Output the lines of the listing below exactly, starting at the line containing "[Info] Kim Hyun" and stopping after the last line, with any pictures dropped.

## [Data extract]
* * * * * * *

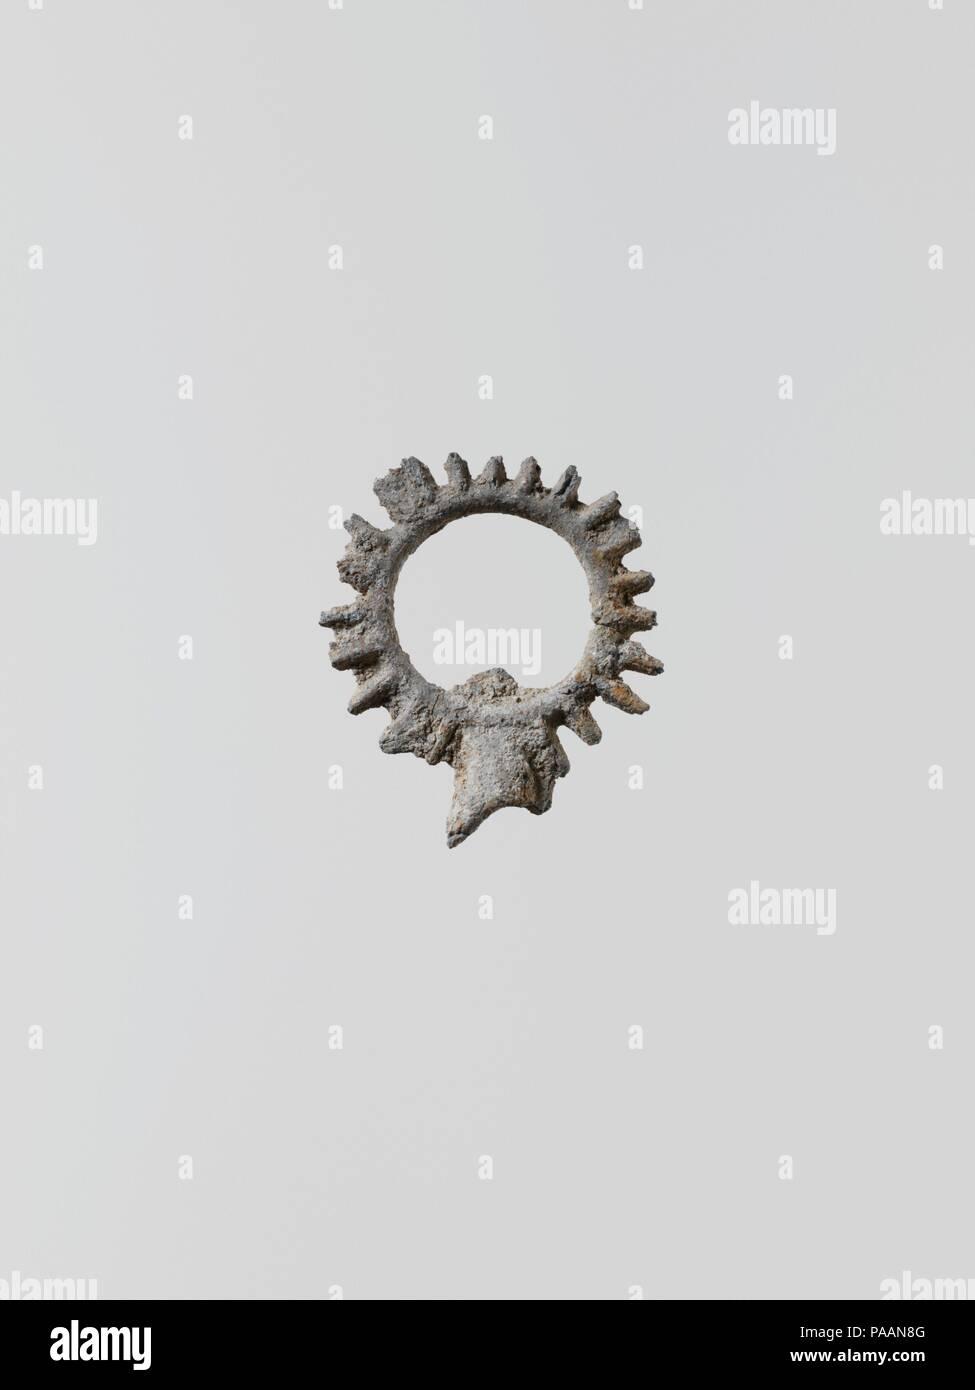 Wreaths, 11. Culture: Greek, Laconian. Dimensions: 15/16 × 3/4 in. (2.3 × 2 cm). Museum: Metropolitan Museum of Art, New York, USA. Stock Photo
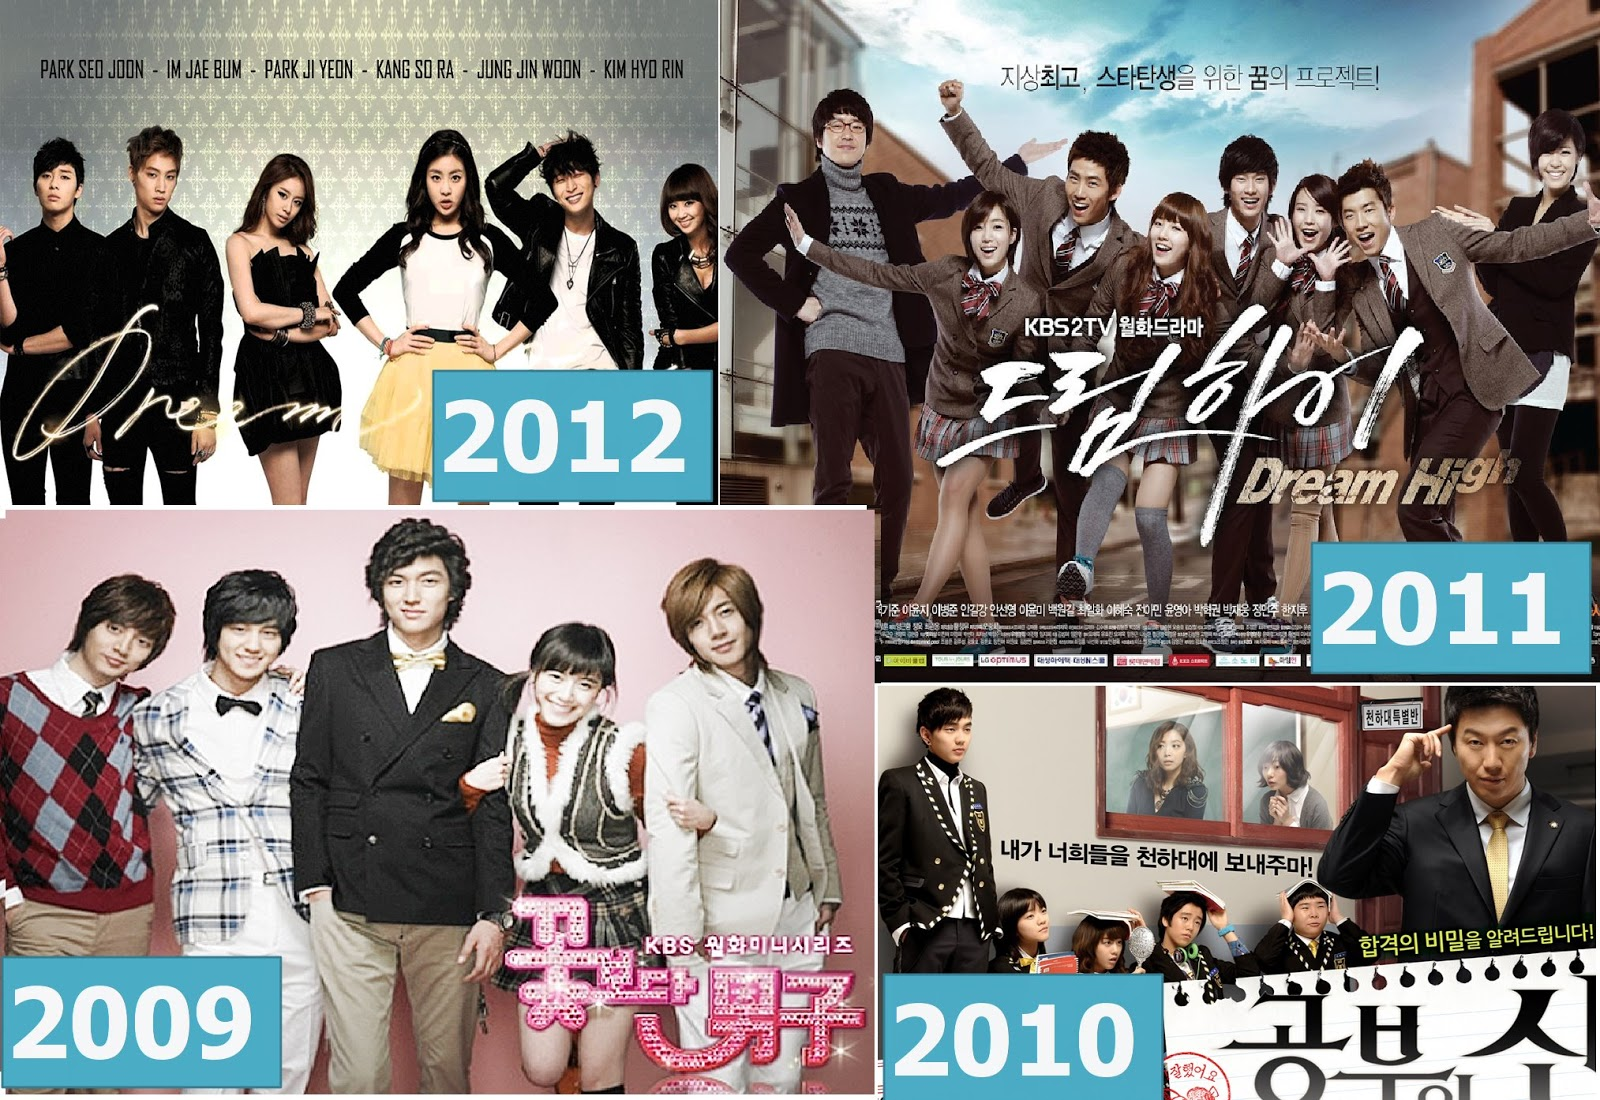 [Info] Kim Hyun Joong Boys Over Flowers will on KBS2 s special drama ev
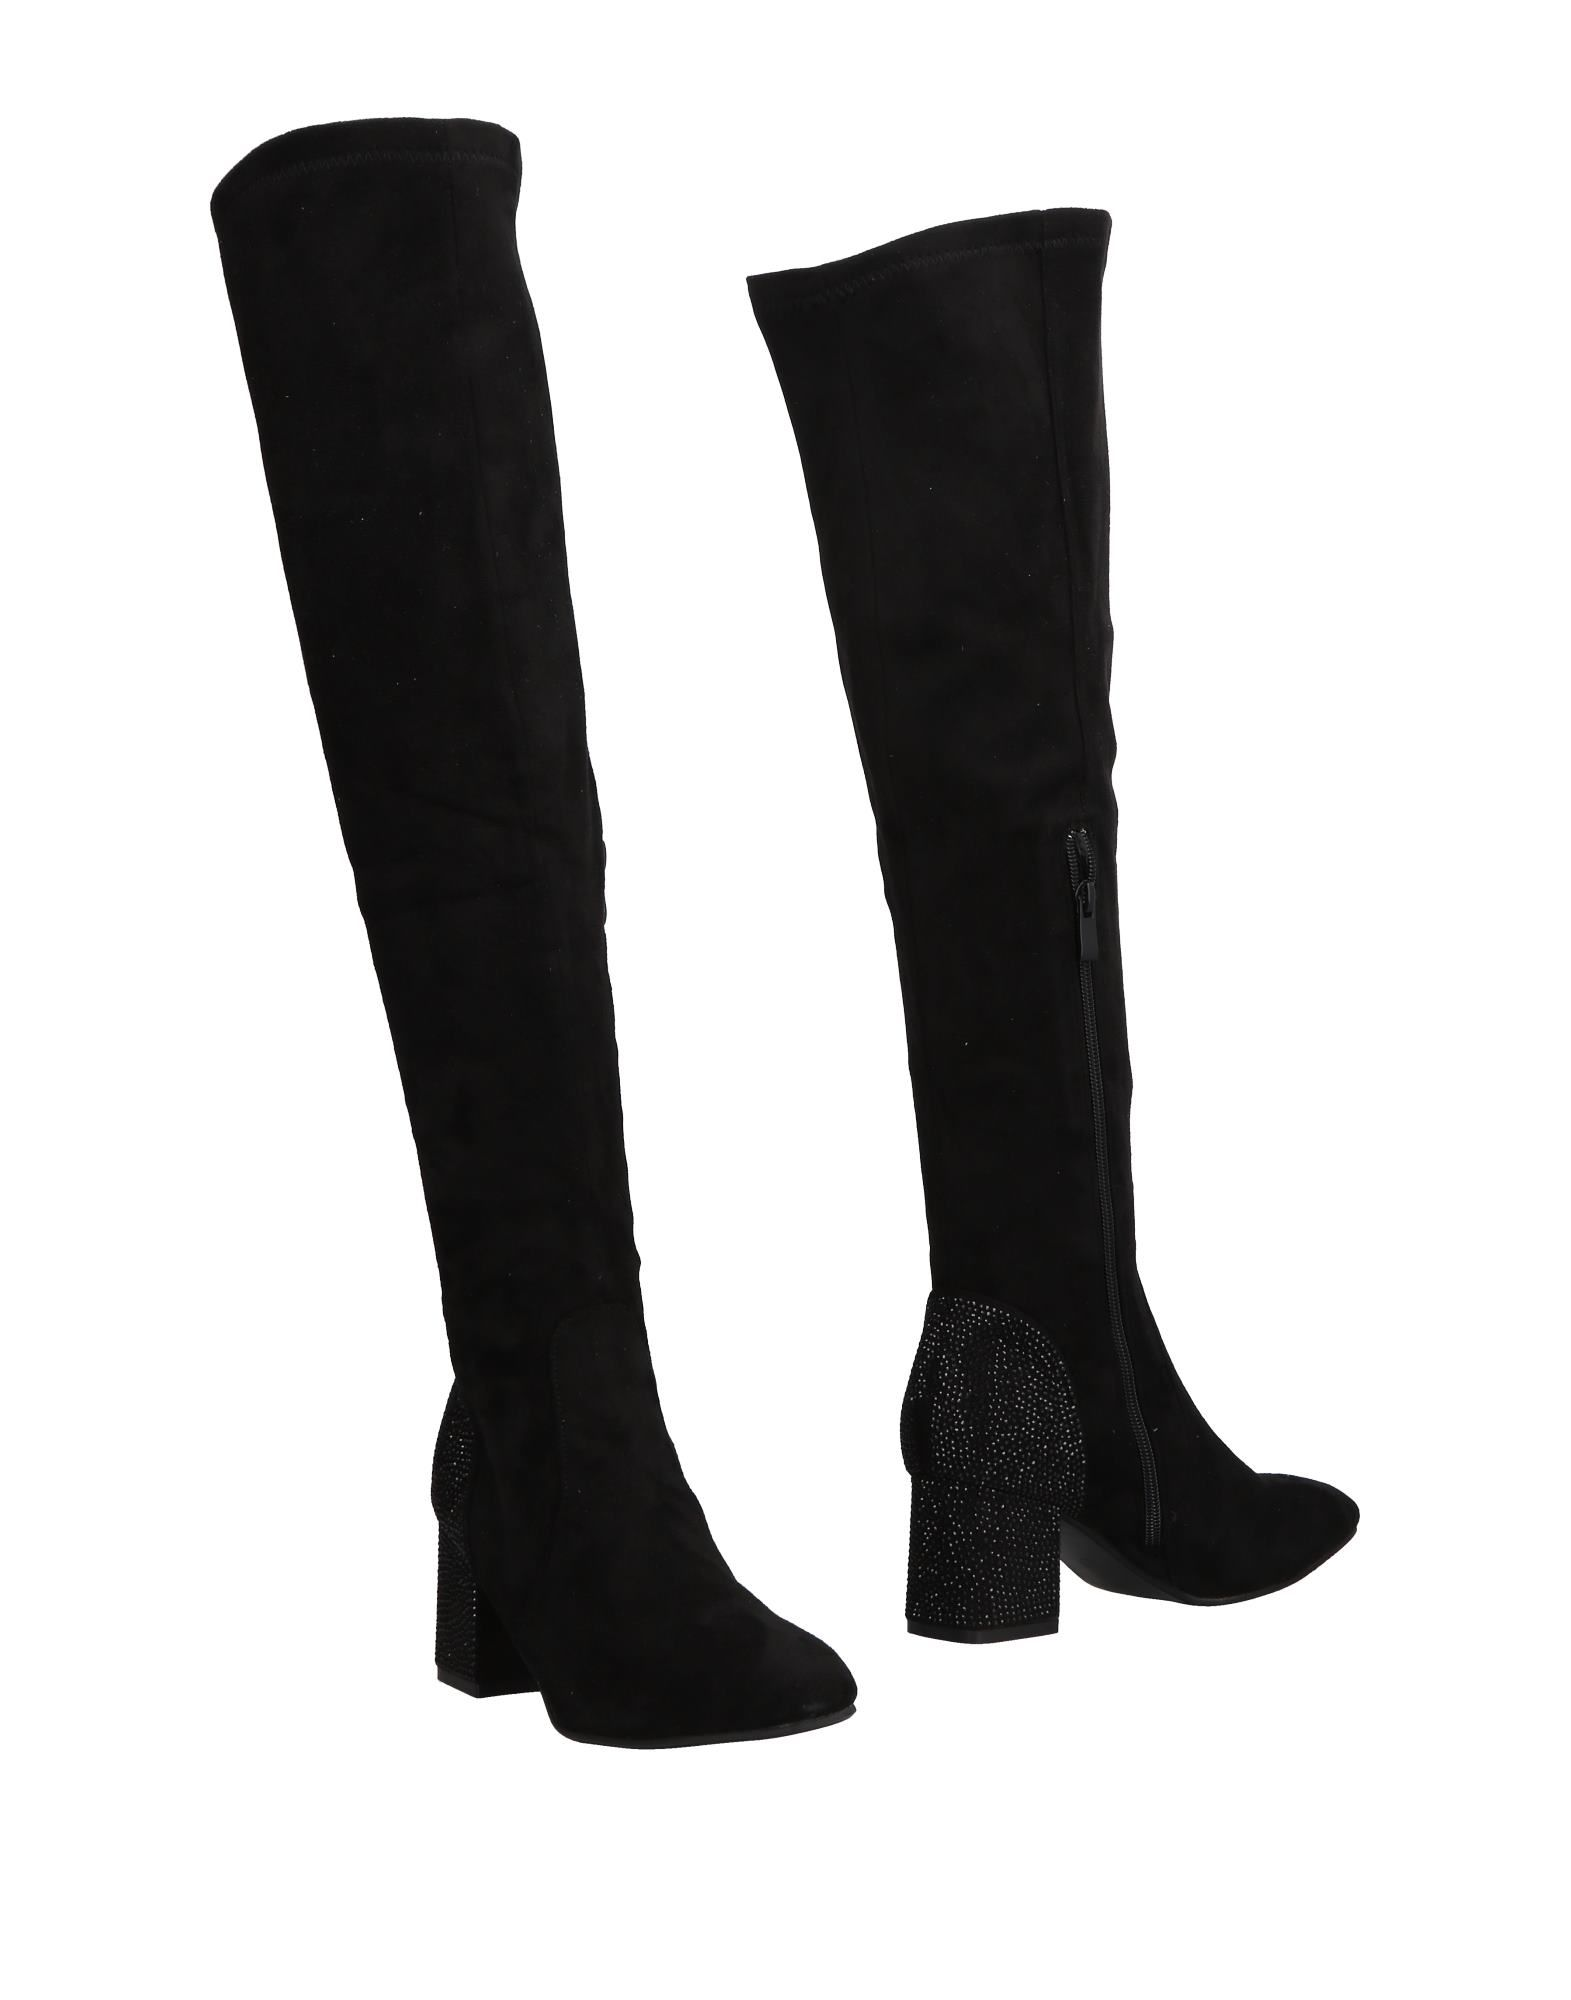 Gut Mallas um billige Schuhe zu tragenExé By Tsakiris Mallas Gut Stiefel Damen  11506362OM 6b9982

* * * * * * *

## [Solution]
 [Info] Kim Hyun Joong Boys Over Flowers will on KBS2 s special drama ev
 Gut Mallas um billige Schuhe zu tragenExé By Tsakiris Mallas Gut Stiefel Damen  11506362OM 6b9982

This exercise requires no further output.